• **TASK**: Transcribe only what runs from the line containing "Olive oil pouring" through the final line below, exactly, and leave every picture out.

• **STORED DATA**:
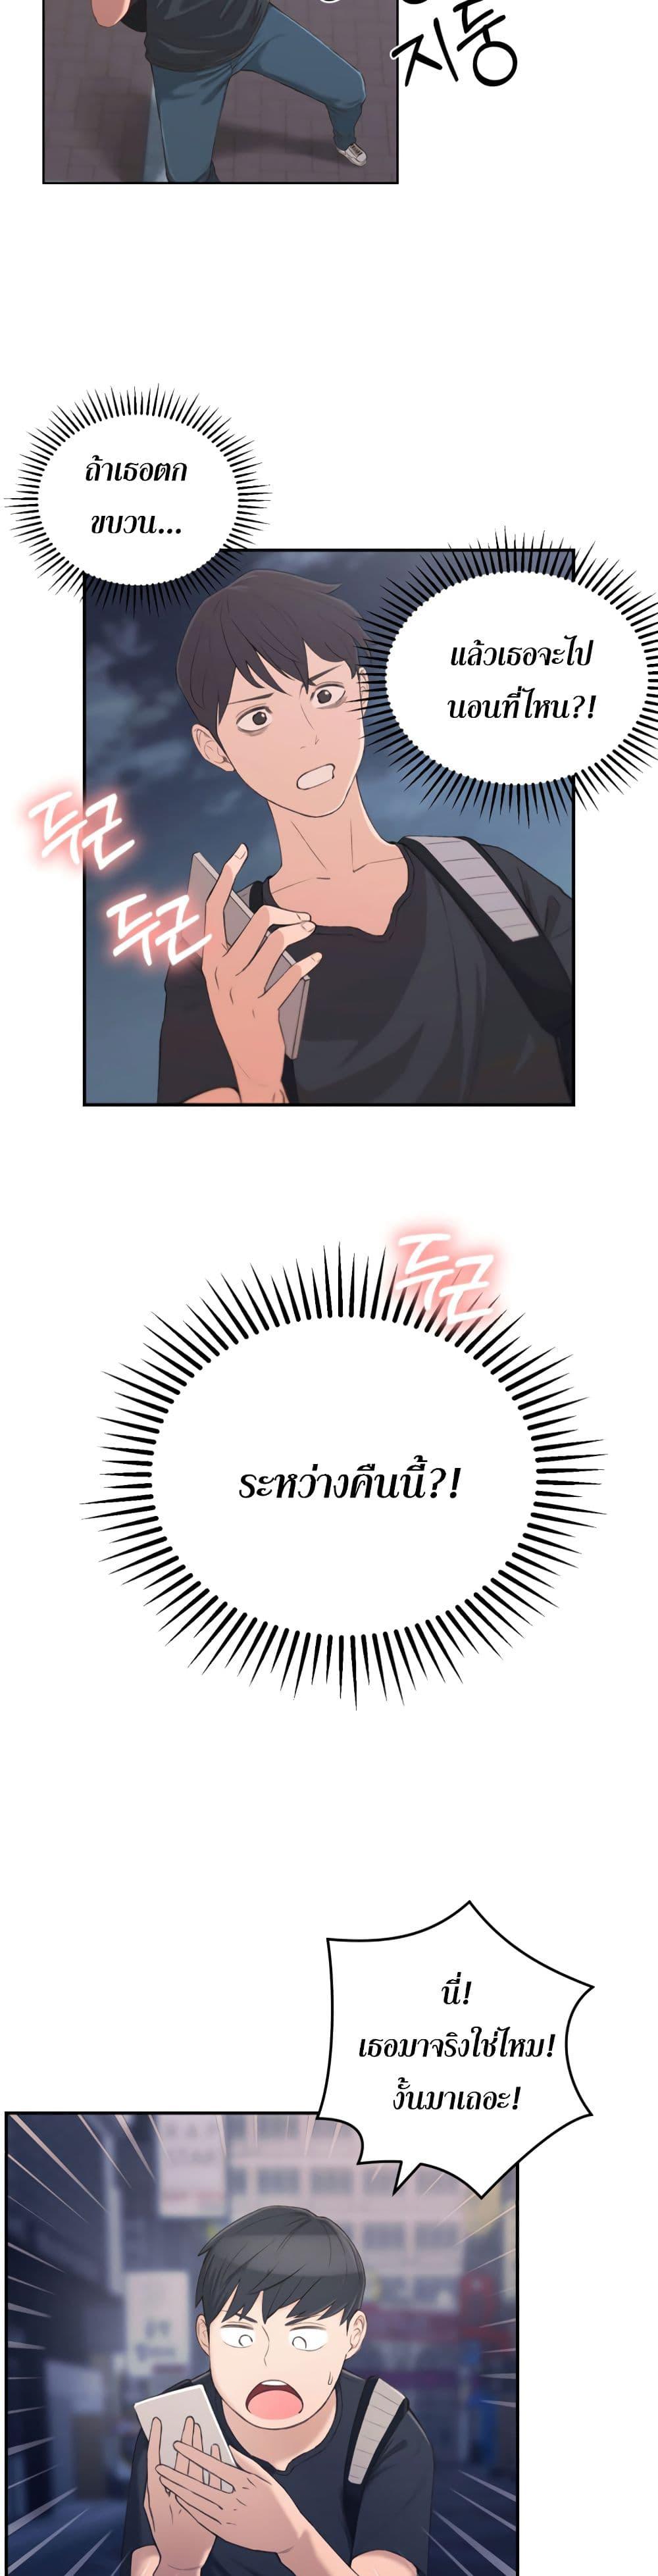 A Knowing Sister 1 ภาพ 39
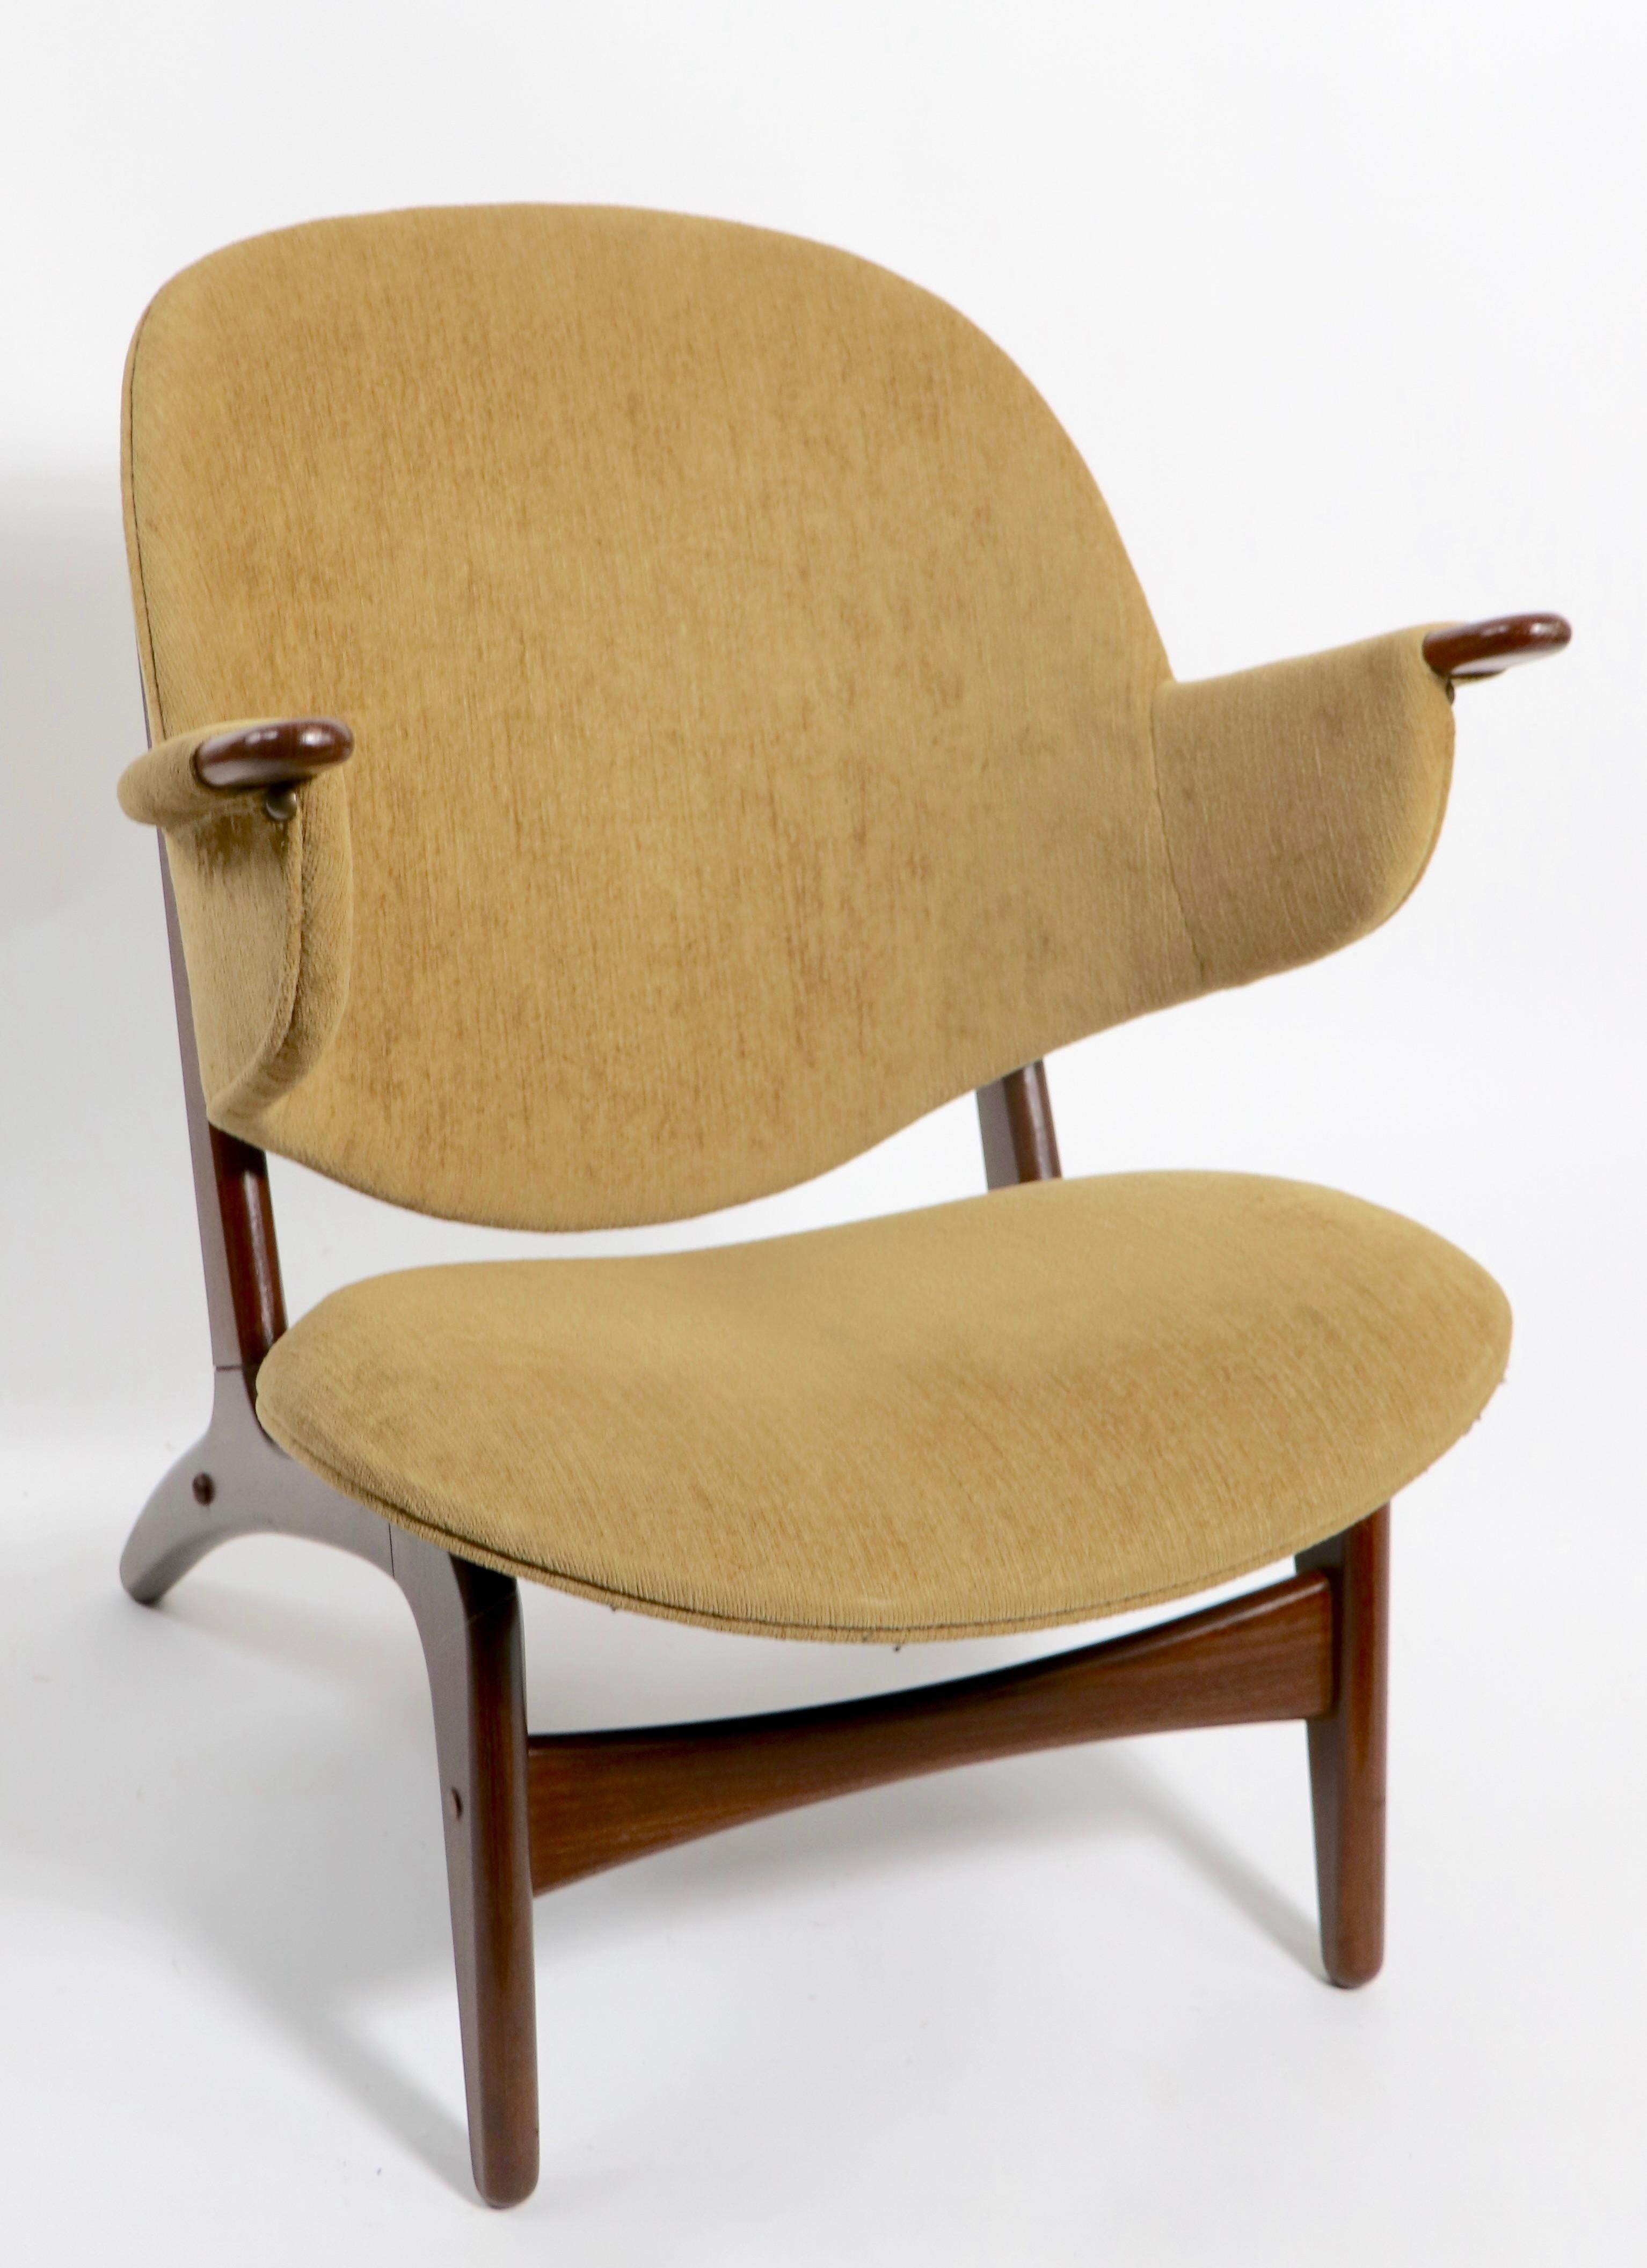 Chic architectural Danish modern paddle arm lounge chairs attributed to Poul Jessen. Both chairs have been newly restored, reupholstered and the wood frames have been refinished, one chair shows a professional repair to the leg joint ( see images ).
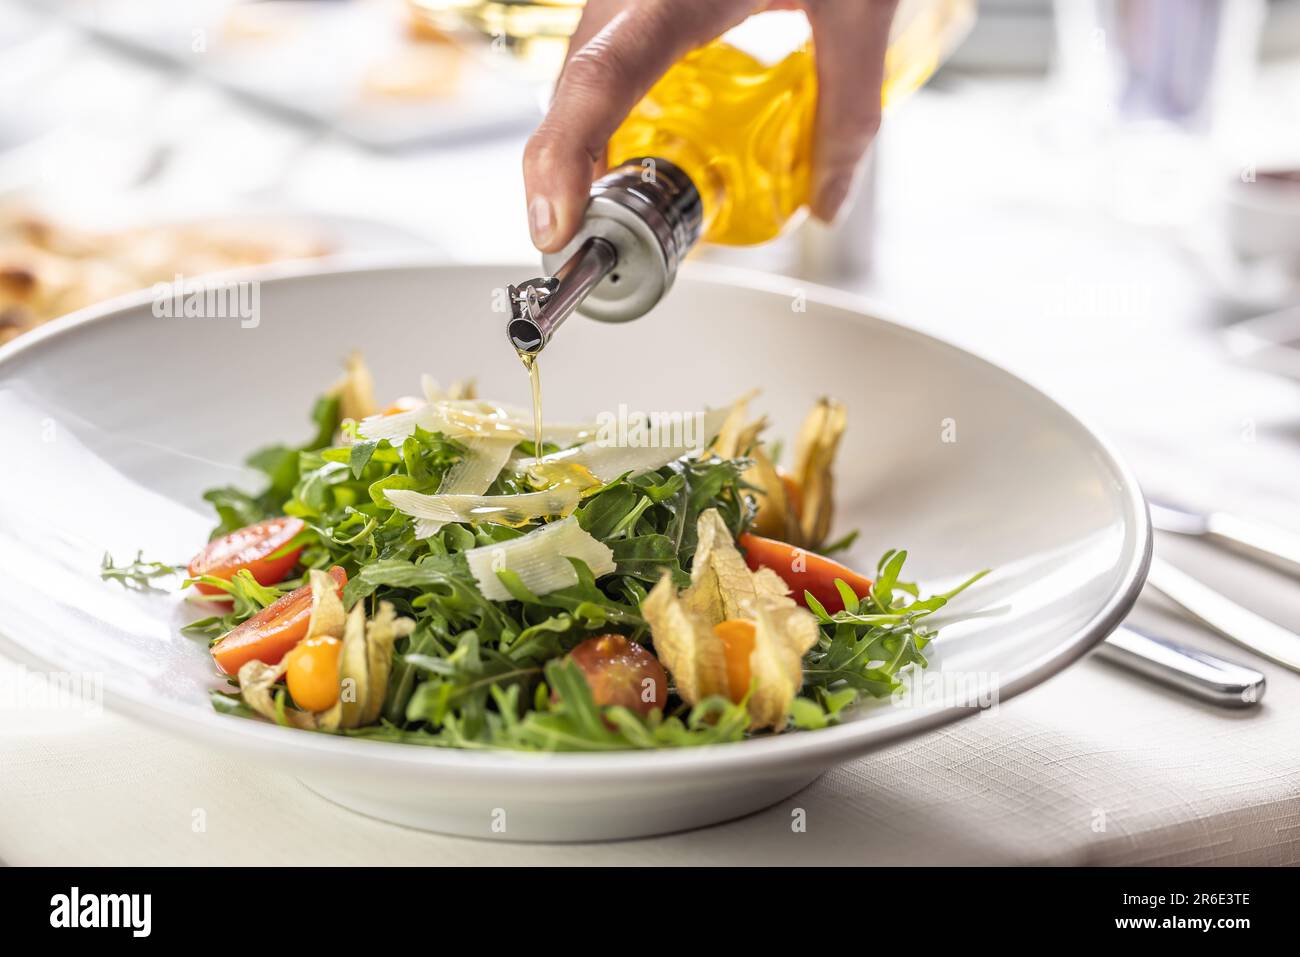 Olive oil pouring over a fresh rocket salad with parmesan shavings and physalis. Stock Photo
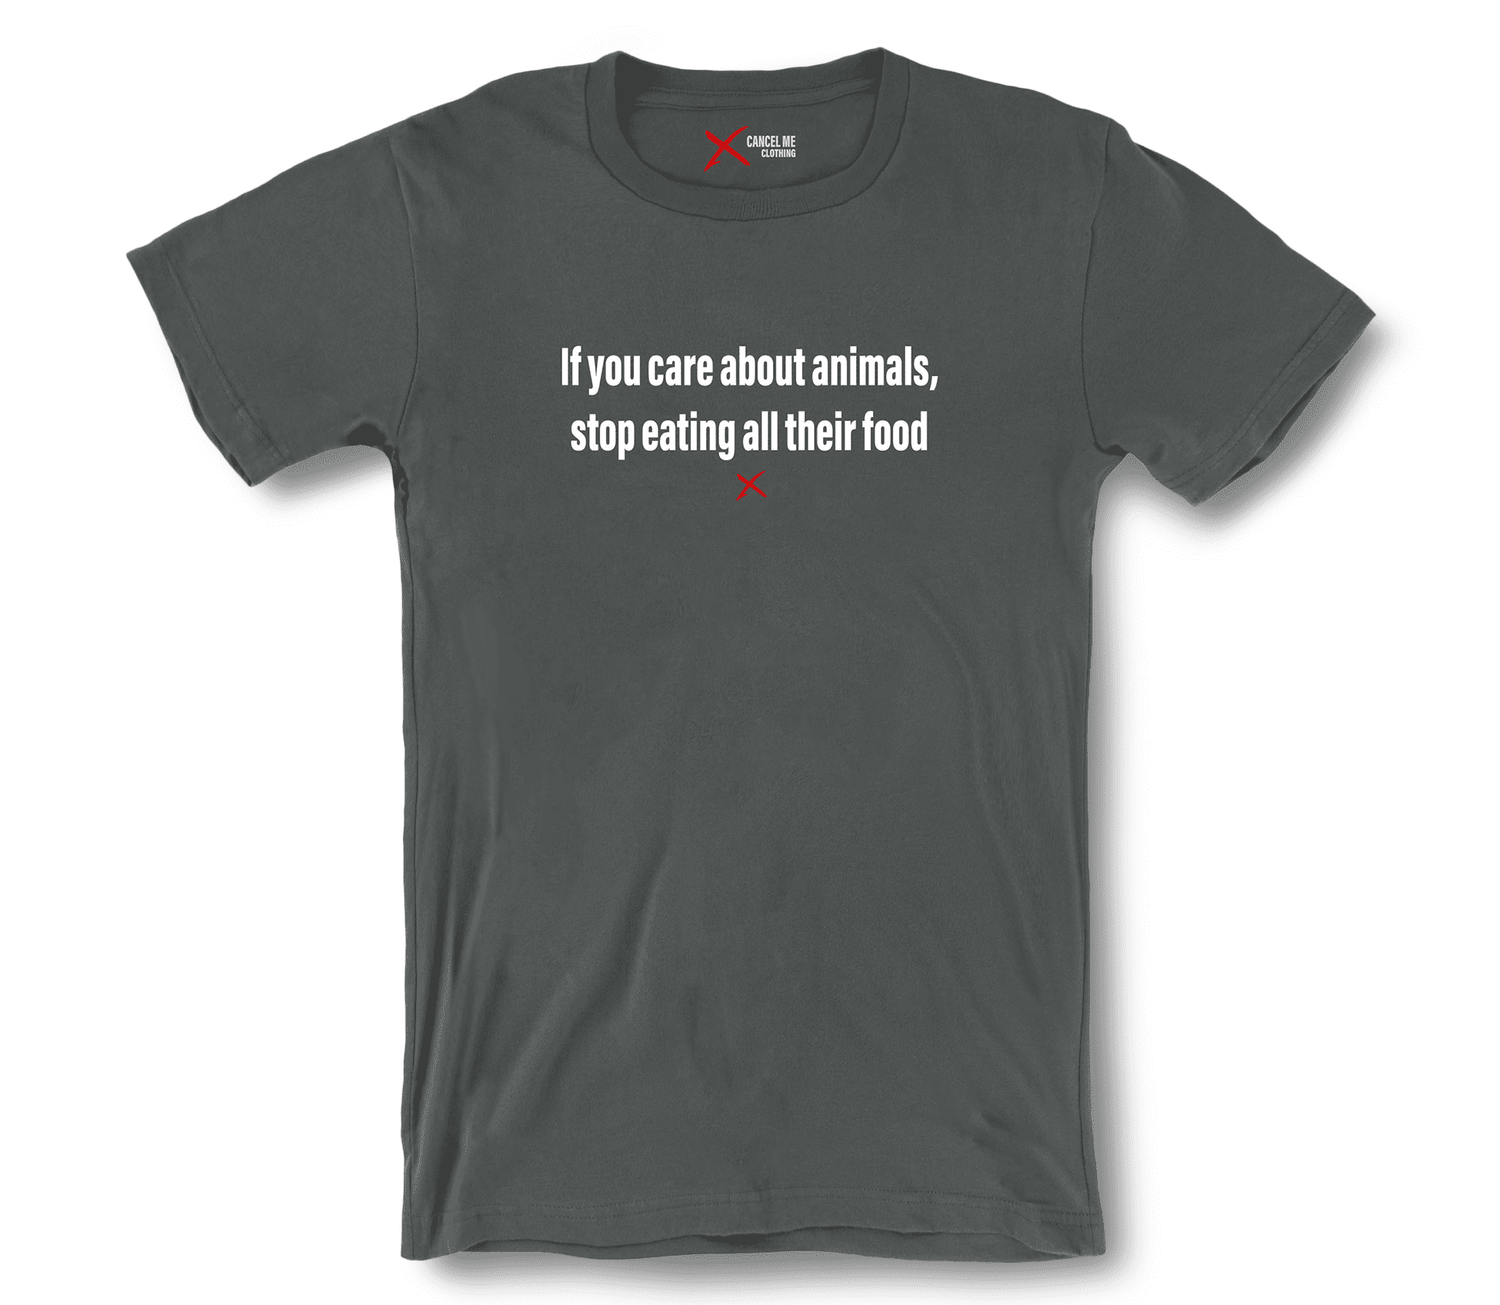 lp-pets_animals_1-shirt_7791828533418_if-you-care-about-animals-stop-eating-all-their-food-shirt_Asphalt.png

• **SOLUTION**:
 Olive oil pouring over a fresh rocket salad with parmesan shavings and physalis. Stock Photo
 lp-pets_animals_1-shirt_7791828533418_if-you-care-about-animals-stop-eating-all-their-food-shirt_Asphalt.png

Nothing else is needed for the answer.